Analytical model of Weibel-mediated electron-ion collisionless shock formation

We address the formation of ion-electron collisionless shocks in the non-relativistic regime. The shocks formed by the non-linear evolution of the Weibel-type instabilities, arise during plasma collisions in numerous high-energy astrophysical scenario such as pulsar wind nebulae or supernova remnants [N. Kato et al, Astrophys. J. Lett. 2008, T. Piran, Rev. Mod. Phys. 2004]. For the first time, a predictive fully analytical model of the ion Weibel saturation based on the coalescence of filaments is presented and allows to describe the evolution of the plasma and its characteristics until shock-formation [C. Ruyer et al, Phys.

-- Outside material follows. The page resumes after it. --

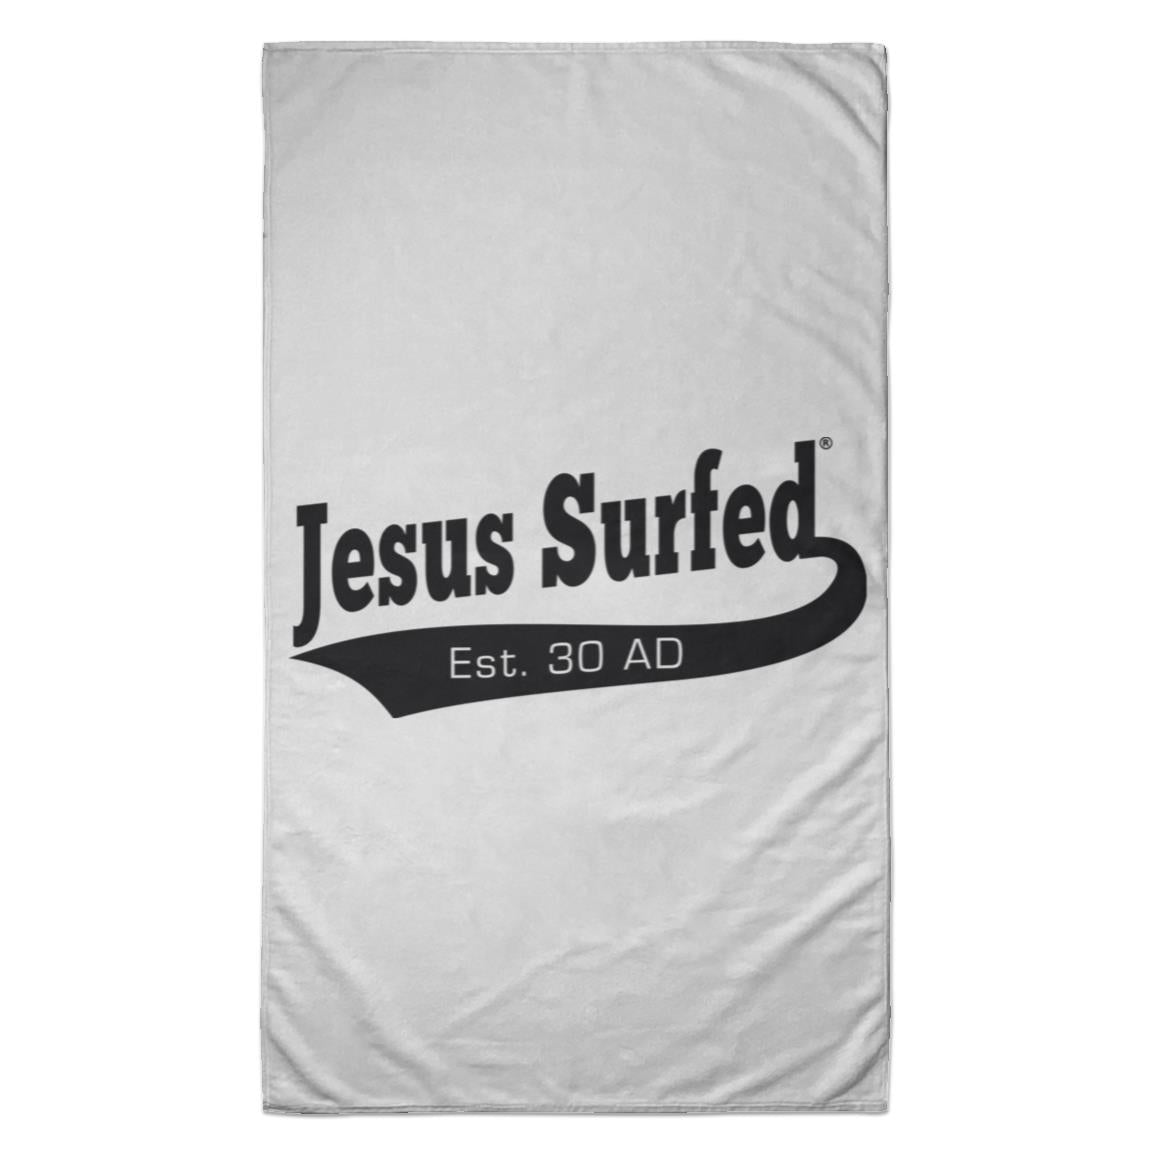 AD 30 Jesus Surfed Towel - 35x60

Plasmas 2015]. It is compared successfully to Weibel-mediated shock simulations until quasi-isotropisation of the ions, and close to shock formation. Our model compares well with two different recent experiments [W. Fox et al, Phys. Rev. Lett. 2013, C. M. Huntington et al, Nat. Phys. 2015] and allows us to pinpoint the role of the electron screening on the ion-Weibel dynamics. Our theoretical results, supported by both experiments and simulations, proves for the first time the effect of an artificially low ion to electron mass ratio on the formation of collisionless shocks commonly used in many numerical works.